# Lifestyles & Discussion > Family, Parenting & Education > Books & Literature >  Bloodline of the Gods: Unravel the Mystery in the Human Blood Type to Reveal the Aliens Among

## Ronin Truth

> *Bloodline of the Gods: Unravel the Mystery in the Human Blood Type to Reveal the Aliens Among Us* 
> 
> by Nick Redfern (Author)
> 
> Are significant numbers of humanity the product of an ancient and advanced alien civilization? Have we, across the millennia, been periodically modified and refined as a species? In short, has our genetic make-up been manipulated by otherworldly beings that view human civilization as one big lab experiment?
> 
> These are controversial and thought-provoking questions. They are also questions that demand answers, answers that may very well be found by examining those people whose blood type is Rh negative.
> 
> The vast majority of humankind--85 to 90 percent--is Rh positive, which means a person's red blood cells contain an antigen directly connected to the Rhesus monkey. This antigen is known as the Rh factor.
> ...



http://www.amazon.com/gp/product/1601633653?psc=1&redirect=true&ref_=od_aui_detailp  ages00

----------


## Cap

I am of the 10-15% .

----------


## Sola_Fide

> I am of the 10-15% .


You came from aliens.

----------


## Origanalist

We're all aliens now.

----------


## jllundqu

How the hell does one know if they are Rh negative??  lol

All I know is I am O positive

----------


## Sola_Fide

> How the hell does one know if they are Rh negative??  lol
> 
> All I know is I am O positive


Do you communicate telepathically?   That's one evidence of alien blood.

----------


## timosman

> You came from aliens.

----------


## Cap

Damn, am I the only alien on here?

----------


## jllundqu

> Do you communicate telepathically?   That's one evidence of alien blood.

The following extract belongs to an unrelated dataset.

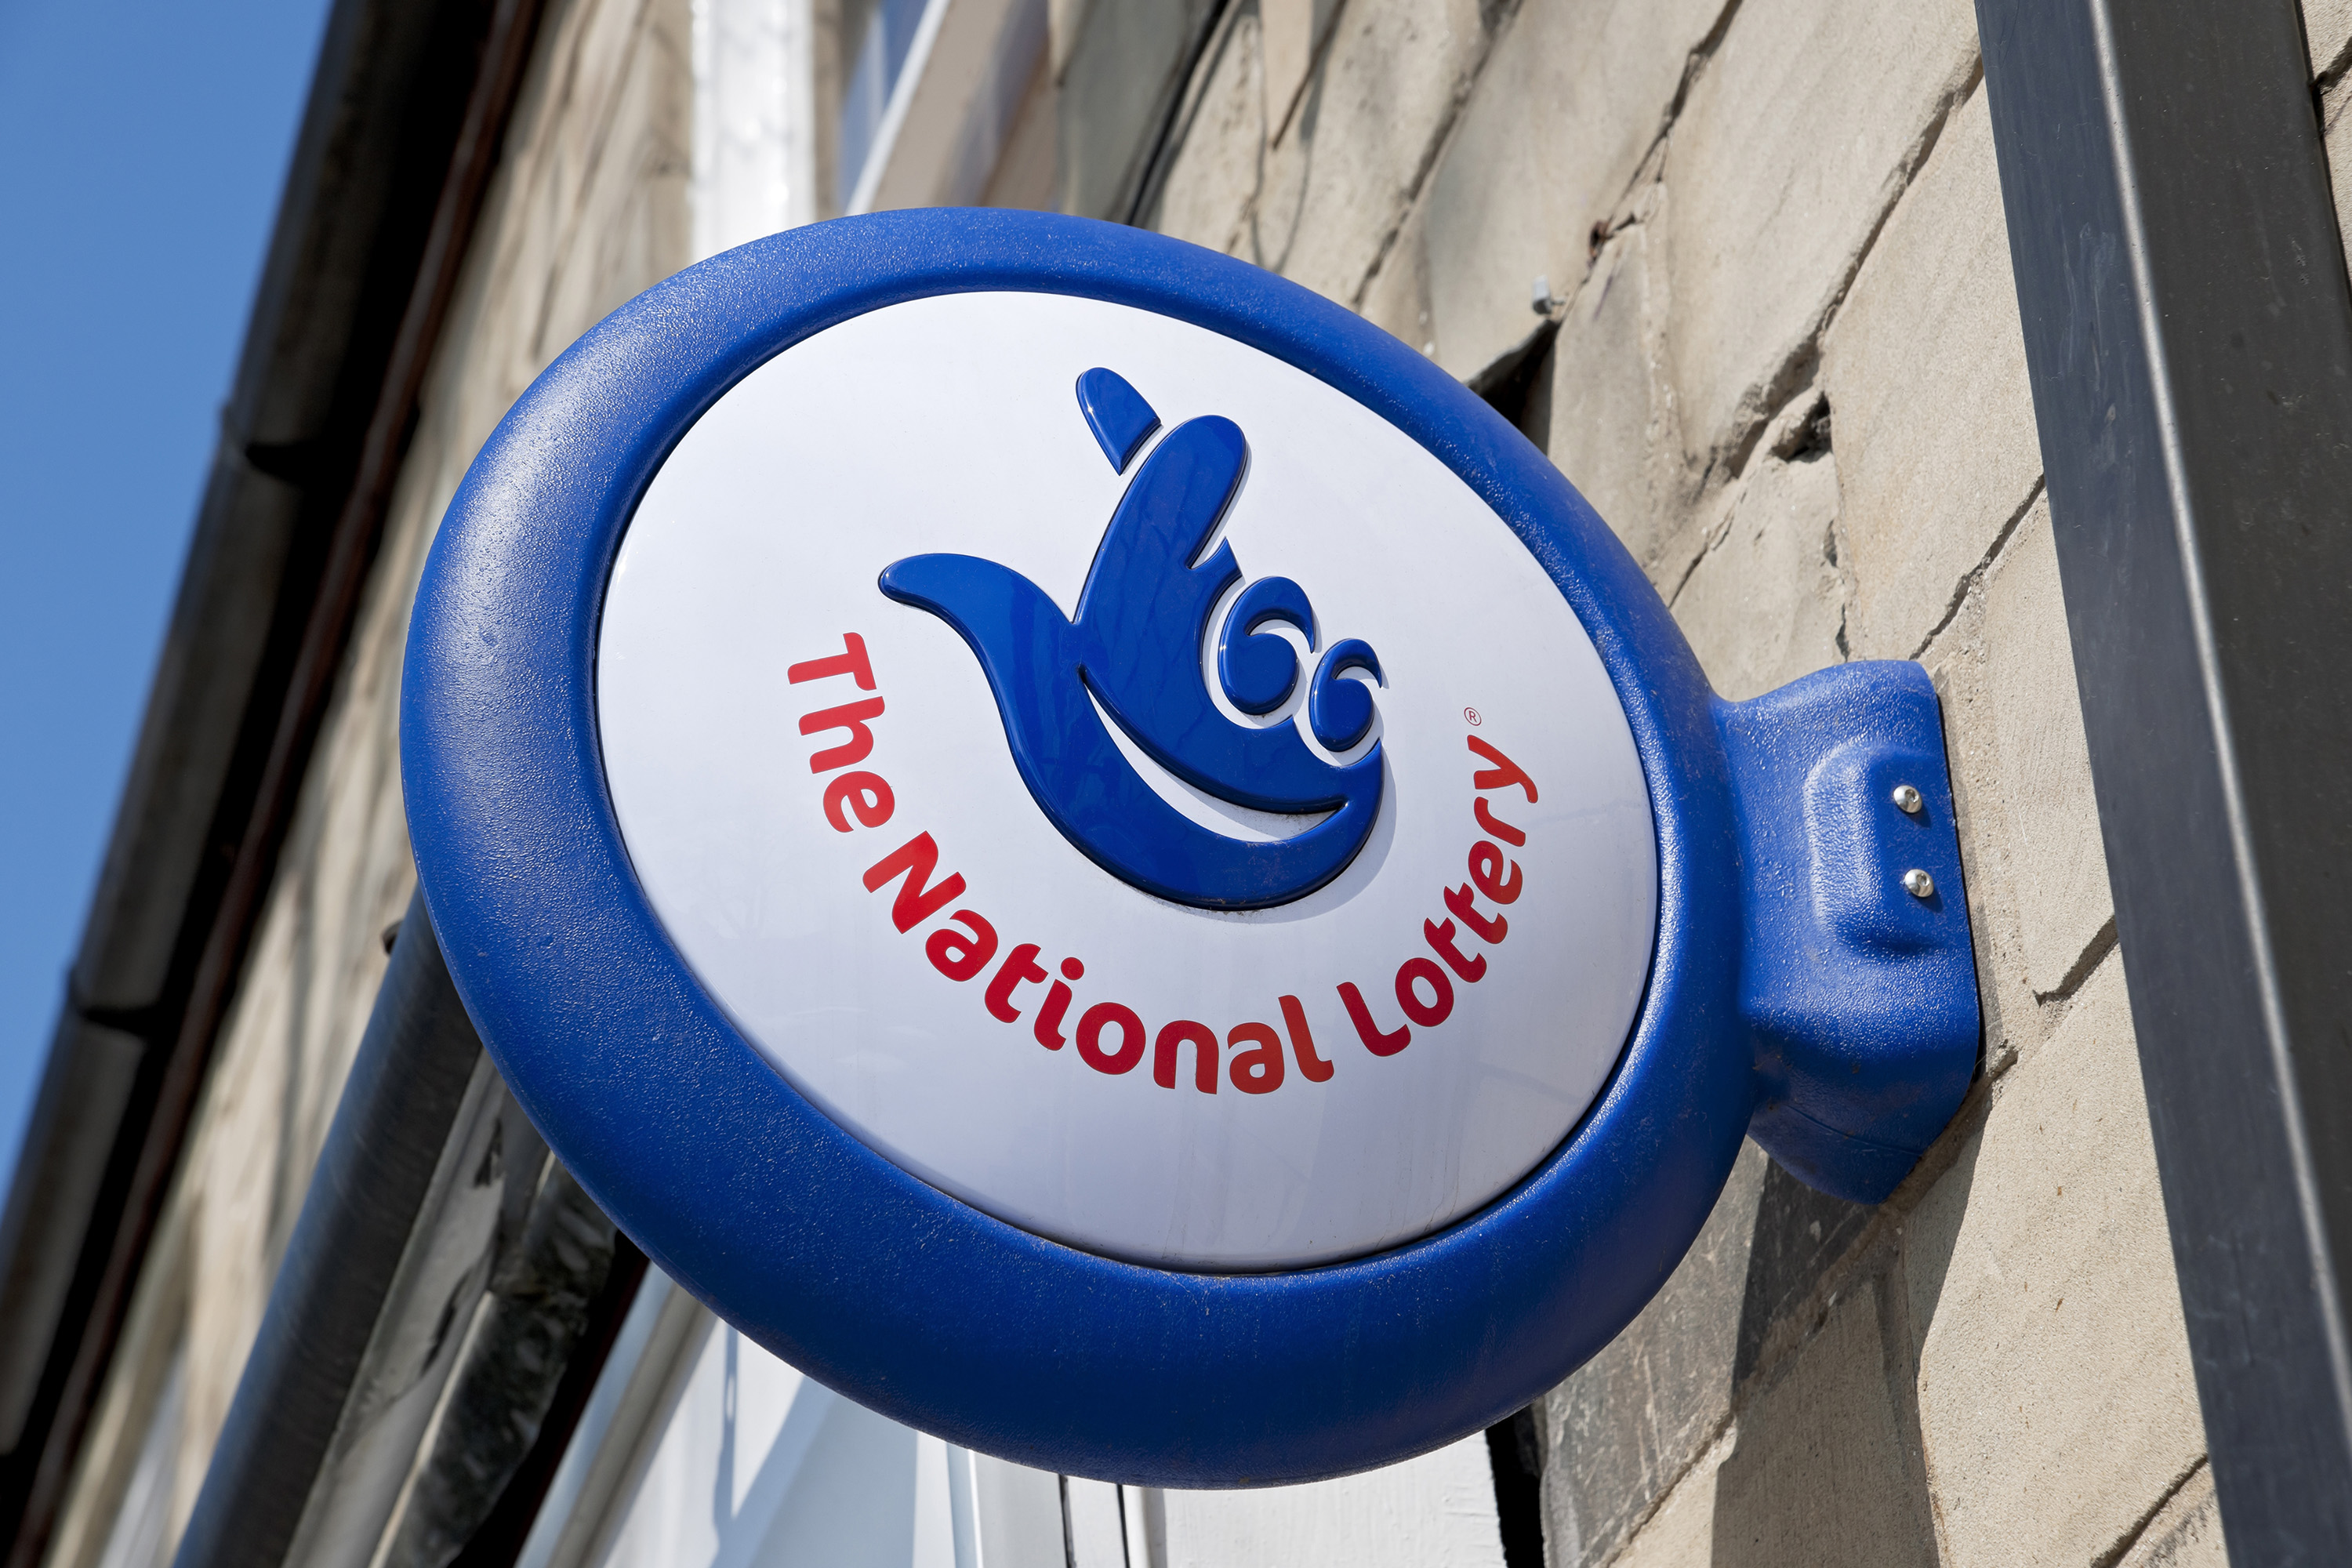 The National Lottery sign on a shop.&nbsp;

THat would be badass if we had some alien ancestors!  lol......     Oh the entertainment here on the forums...

----------


## Ronin Truth

> How the hell does one know if they are Rh negative?? lol
> 
> All I know is I am O positive


Simple blood test.  Always carried out before receiving blood transfusions.

----------


## Ronin Truth

Star children, Indigo children, Black eyed children. ???????

*Star, Indigo & black eyed children*

https://www.google.com/search?hl=en&...38.xvGh7O66lYk

----------


## idiom

The theory of evolution does not state that if a population has genetic diversity aliens must have happened.

Seriously people.

----------


## Suzanimal

> I am of the 10-15% .





> Damn, am I the only alien on here?


Nope. I am too. You are not alone.

A- 




> The Negatives are unlike the rest of us. They are different.

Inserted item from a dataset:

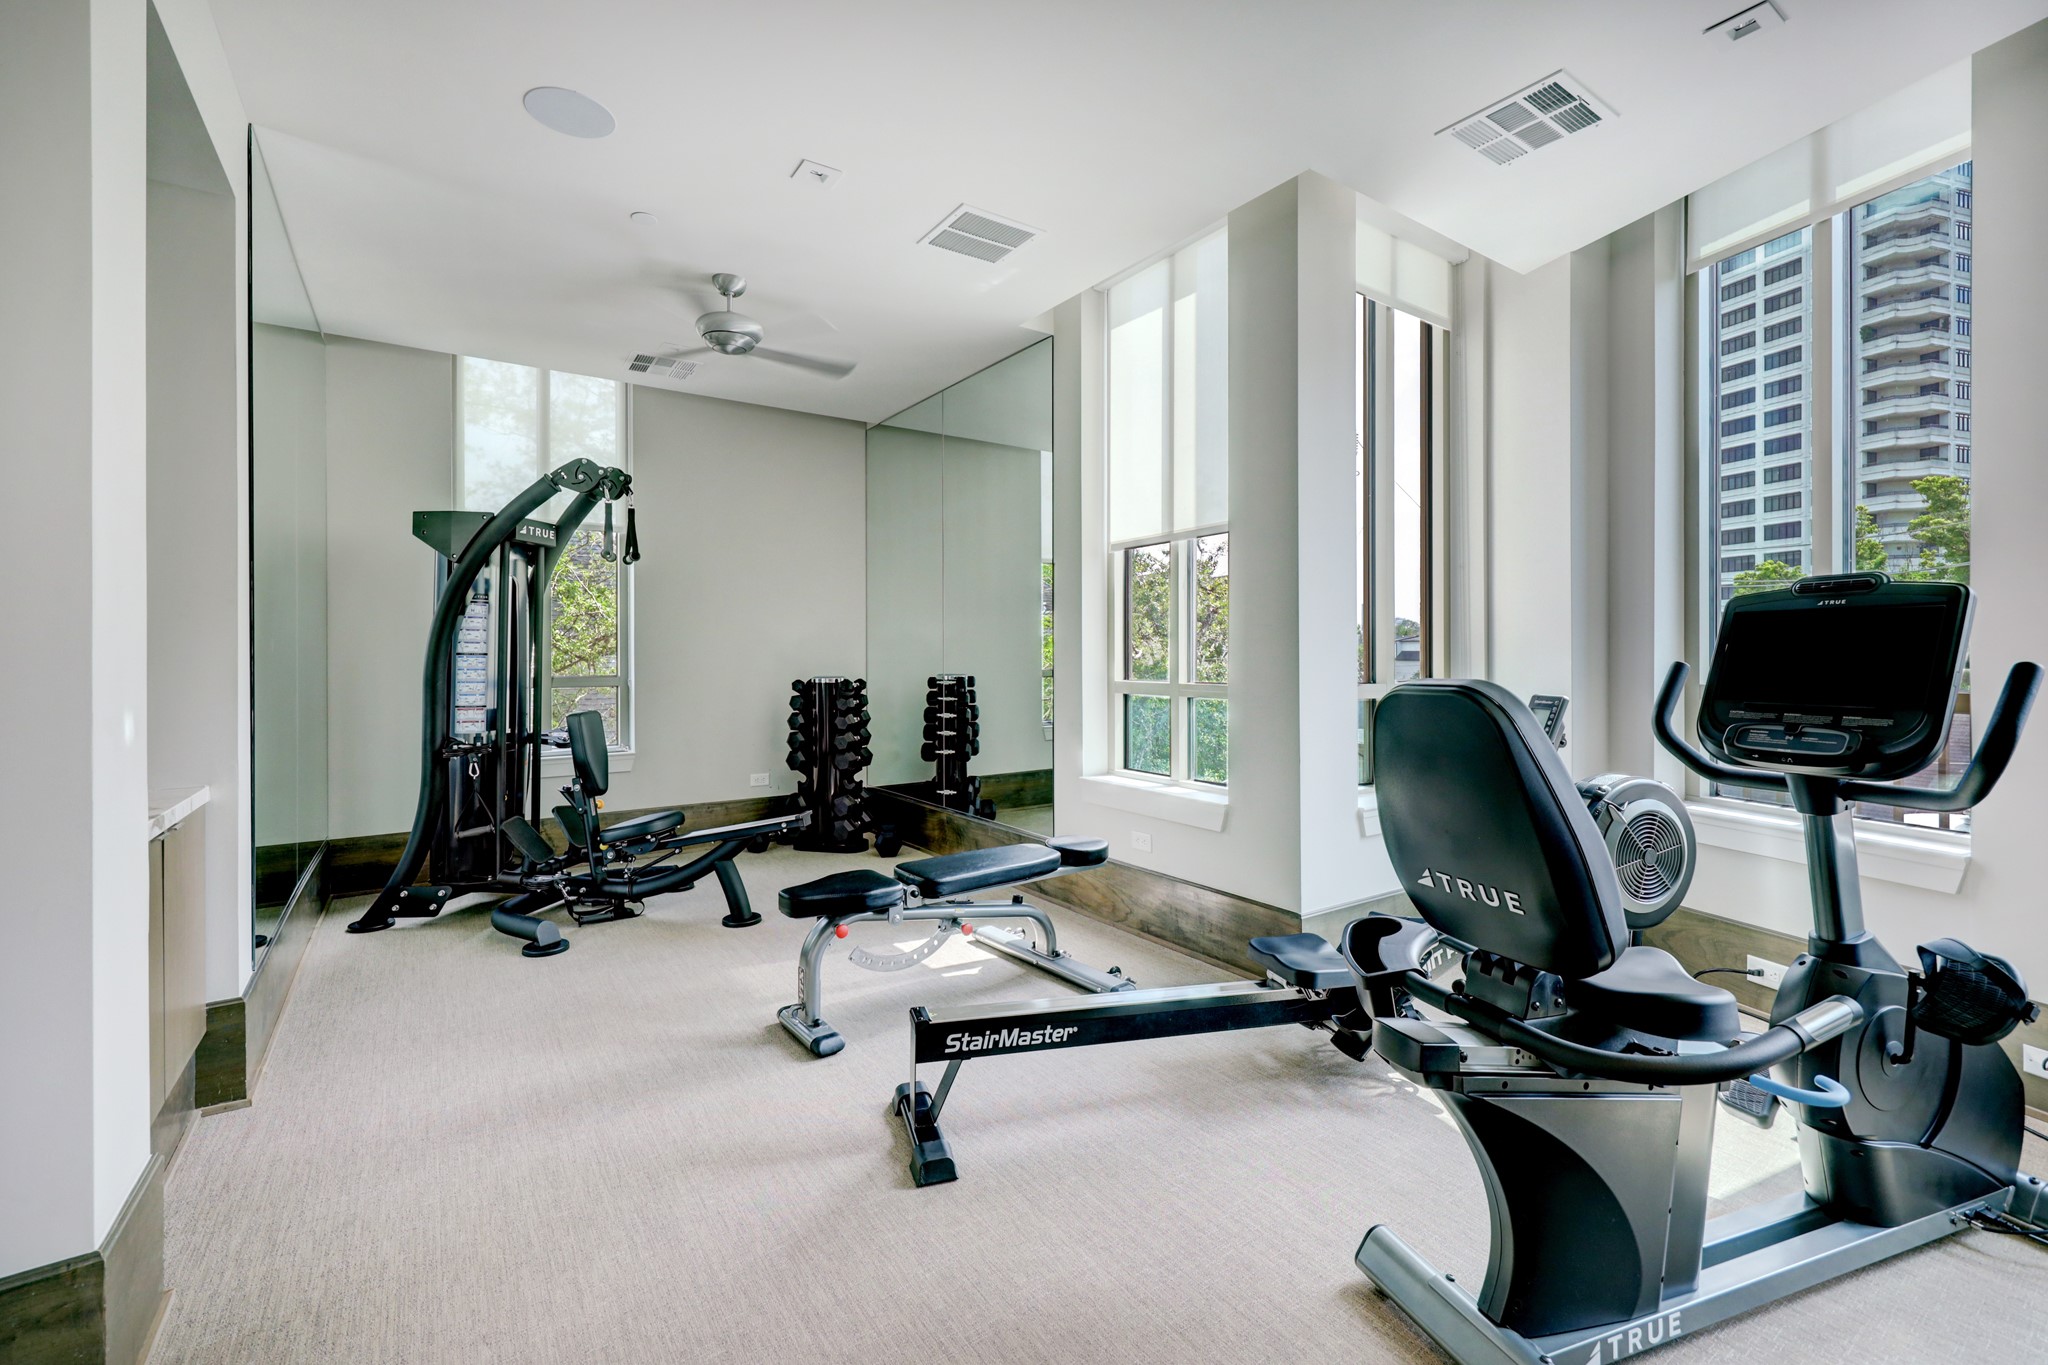 The third floor EXERCISE ROOM with its multiple machines for the active resident to work out while viewing the River Oaks area from the facility's expansive windows.

This may explain my third nipple...

----------


## Barrex

Unless you start showing me third boob or strange looking arm I am remaining skeptical.

----------


## Suzanimal

> Unless you start showing me third boob or strange looking arm I am remaining skeptical.


It's not a whole boob, just a nipple. I thought it was a mole until I went to the Dermatologist to have it removed. That's when he told me it was a nipple. I decided to keep it since it's only in my armpit.

----------


## Ronin Truth

> How the hell does one know if they are Rh negative?? lol
> 
> All I know is I am O positive


If I'm recalling correctly the positive of O positive, means Rh positive (like the monkeys).  Sorry.

----------


## Tinnuhana

Then there's the whole Neanderthal thing where the only humans totally 100% **** sapiens are sub-Saharan Africans.
https://en.wikipedia.org/wiki/Recent..._modern_humans

----------


## oyarde

I am A  Neg and know where my ancestors came from .

----------


## Ronin Truth

> I am A Neg and know where my ancestors came from .


This galaxy?

----------


## PaulConventionWV

> The theory of evolution does not state that if a population has genetic diversity aliens must have happened.
> 
> Seriously people.


Well, that's fine... if you automatically take as valid anything that the theory of evolution does state and dismiss everything it does not.

----------


## PaulConventionWV

> If I'm recalling correctly the positive of O positive, means Rh positive (like the monkeys).  Sorry.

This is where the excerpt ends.